The introduction should be more explicit about the implied issue in LEMs about cell-size dependency of LEM simulations. If processes are scaled correctly, there should not be cell size dependence unless the cell size is too small to adequately represent slope processes and morphology.
Lines 61-96: The exposition here is clear. The use of combined sediment transport and bedrock erosion is fine, although in many natural channel systems transition from bedrock reaches to alluvial reaches is abrupt.
Line 105: The choice of only one downstream cell to define channels is fine for steady state incision, but what happens when channels aggrade and there are multiple downstream potential flow paths (e.g., alluvial fans)? I see that this is addressed as a limitation in Lines 108-110.
Section 2 general comment: The erosion model in this part of the paper only considers fluvial processes. In the absence of slope processes is not the entire network channelized by definition?

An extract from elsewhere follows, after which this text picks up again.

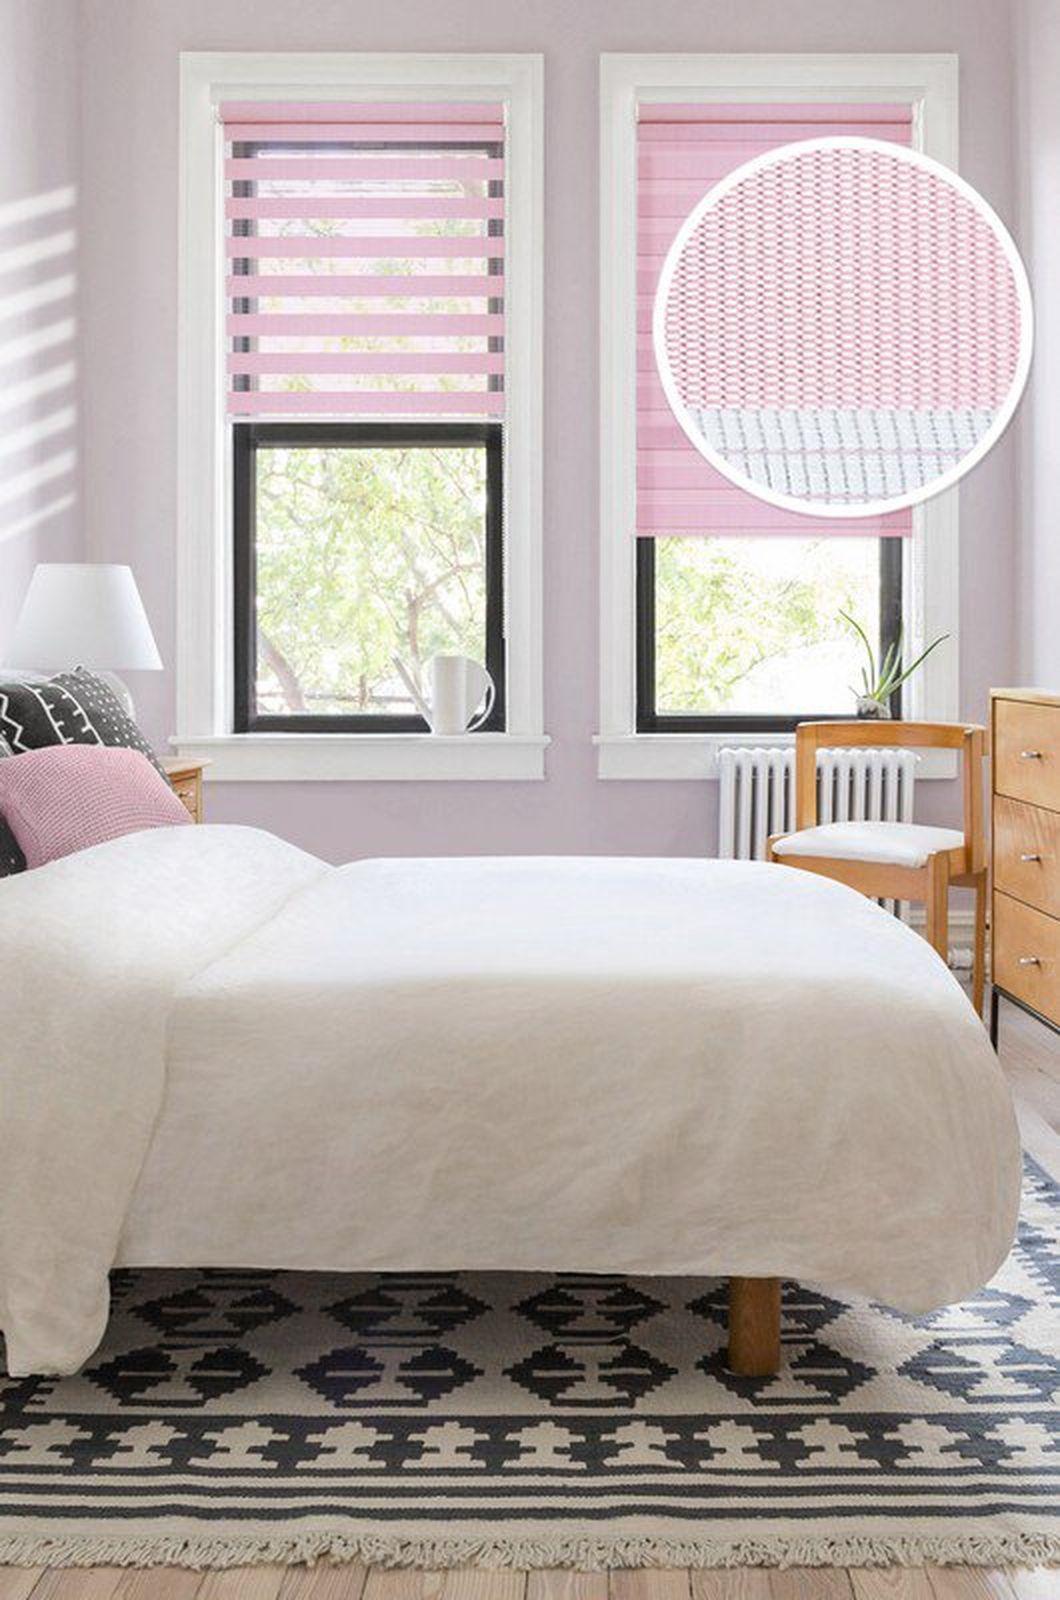 Миниролло Эскар День-Ночь, розовый, 90х170 см шторы рулонные ролло идея рулонная штора ролло lux satin терракот 60 см
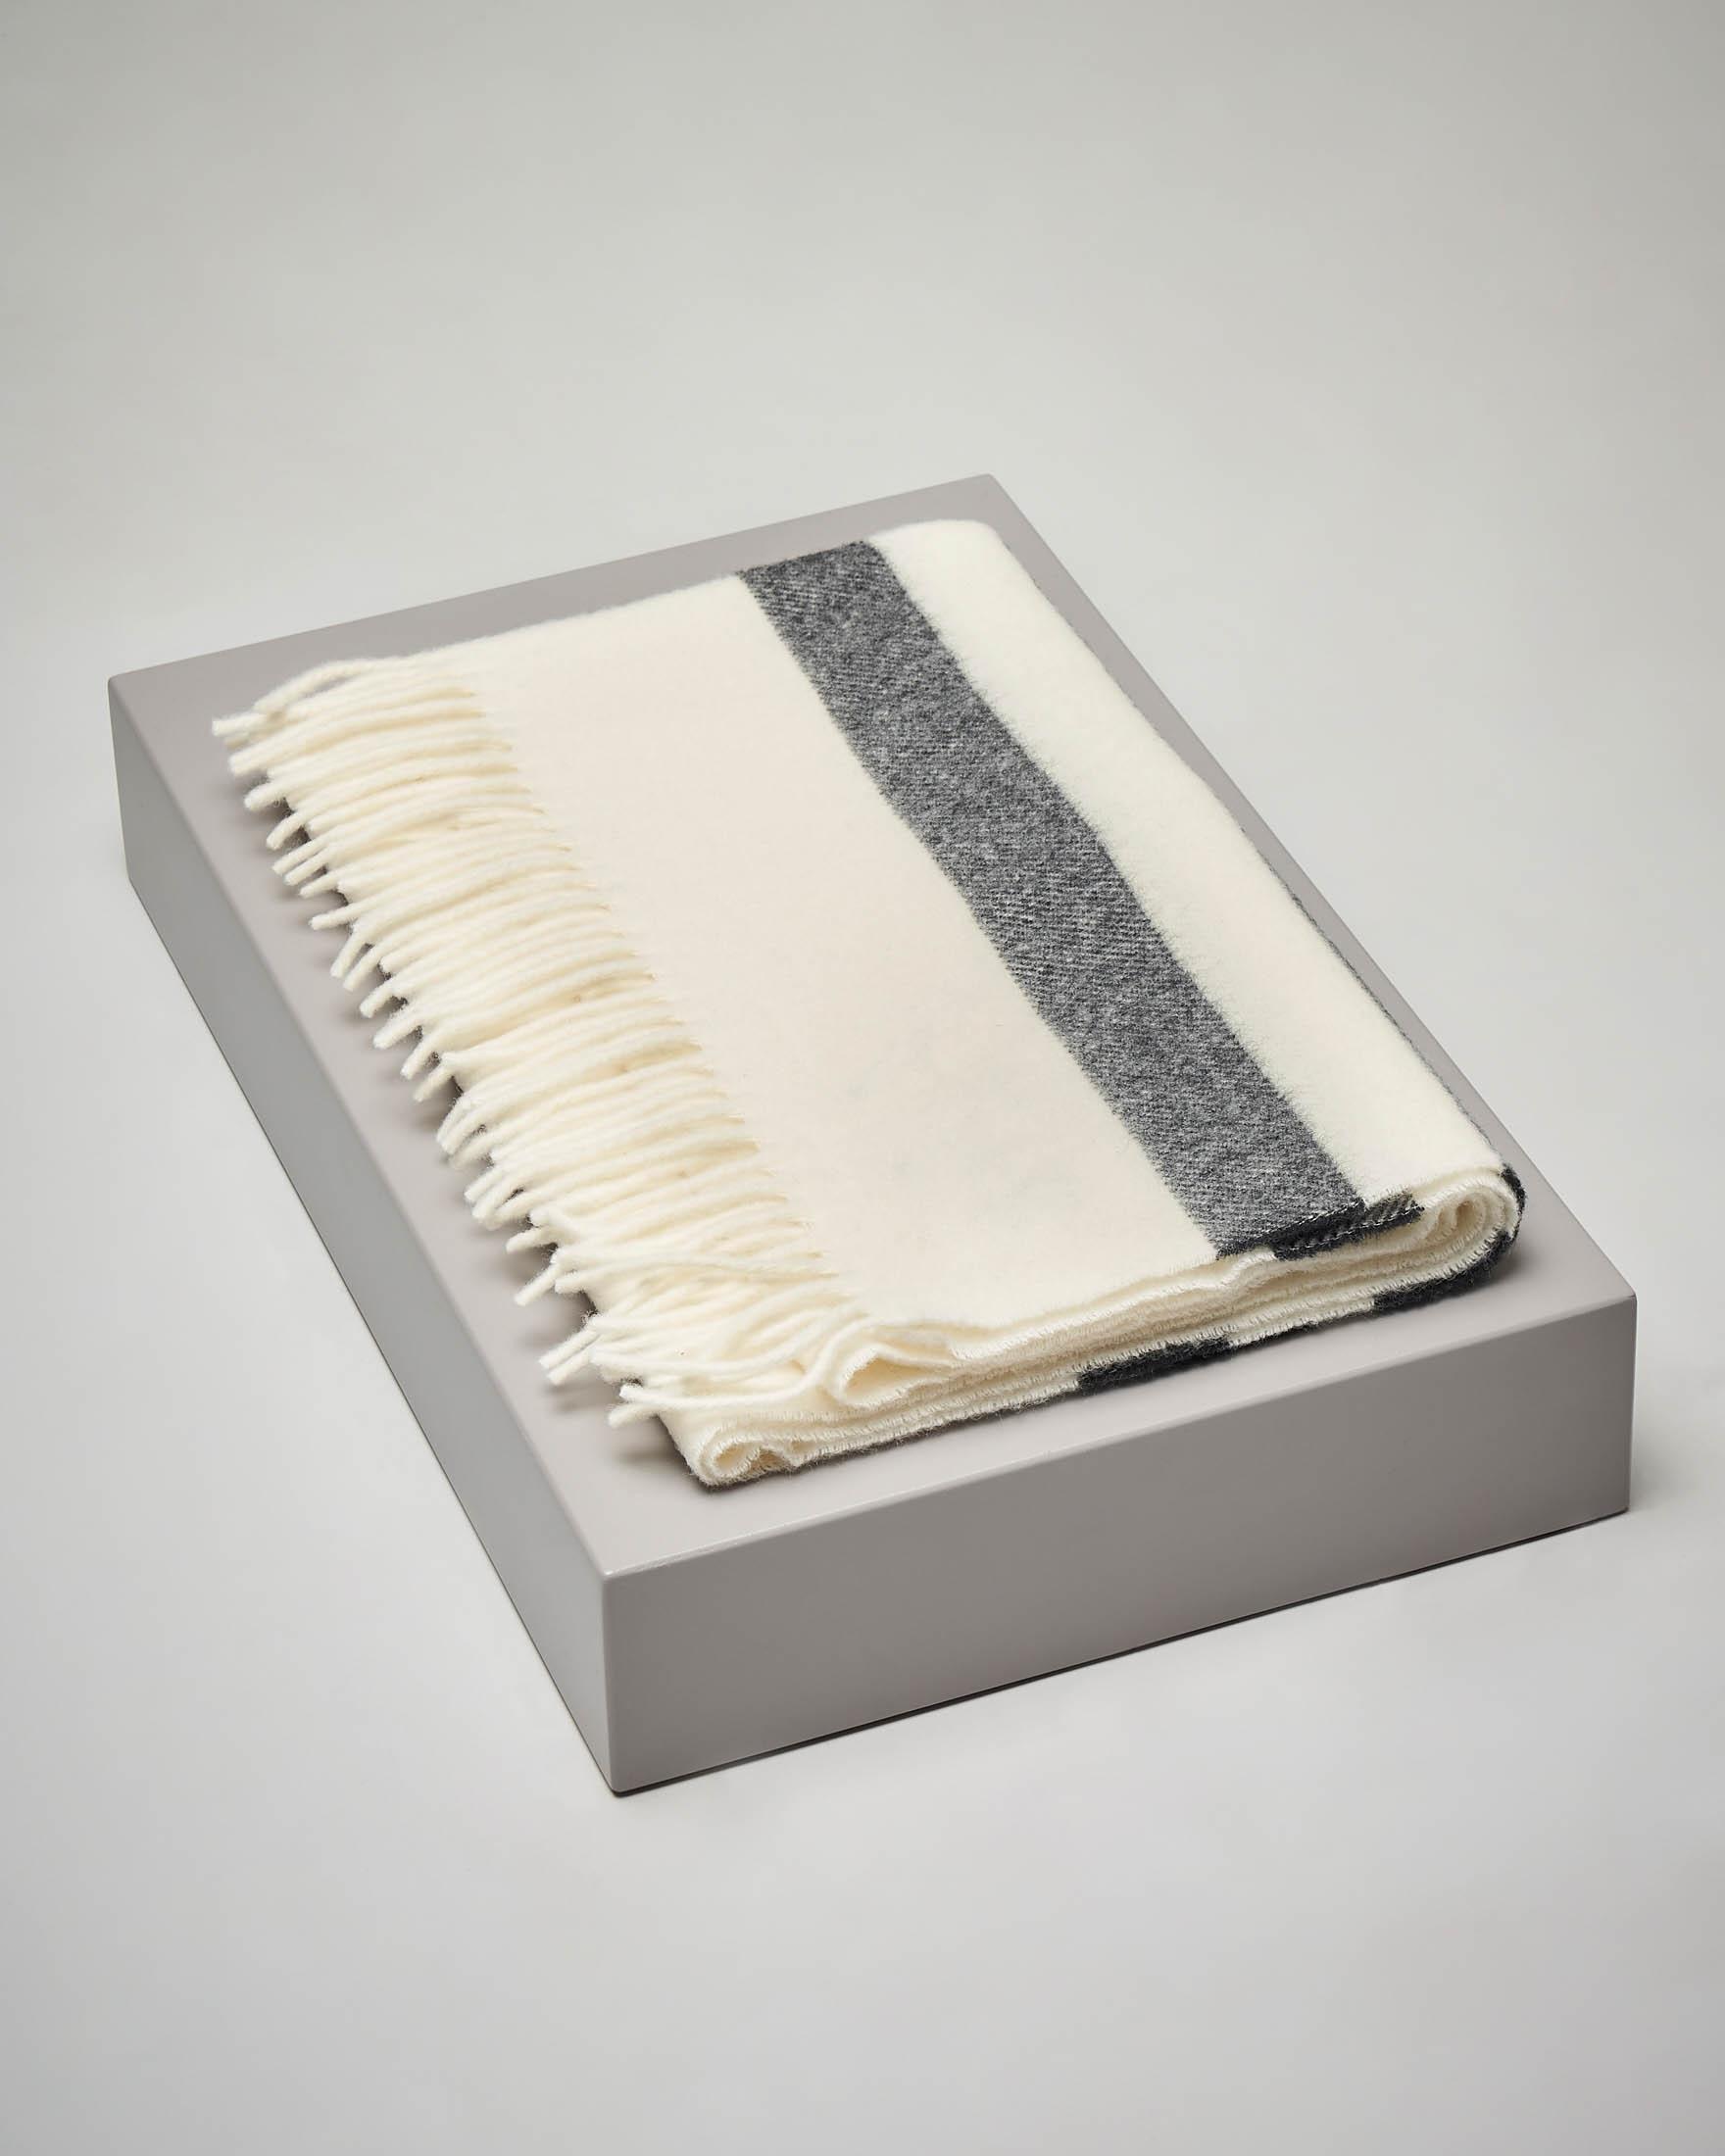 Sciarpa bianca in lana a righe nere con frange

The use of Ah to emulate slope processes in what is essentially a fluvial-only model seems arbitrary. The justification seems to be primarily to allow computationally-efficient modeling by eliminating the complexities of explicit modeling of mass wasting. This lessens any general implications of scale independence beyond their specific LEM.
In general the paper is clearly written and illustrated. The conclusions of the modeling seem limited to a specific implementation of their LEM in terms of process modeling, channel network definition, flow routing and grid characteristics.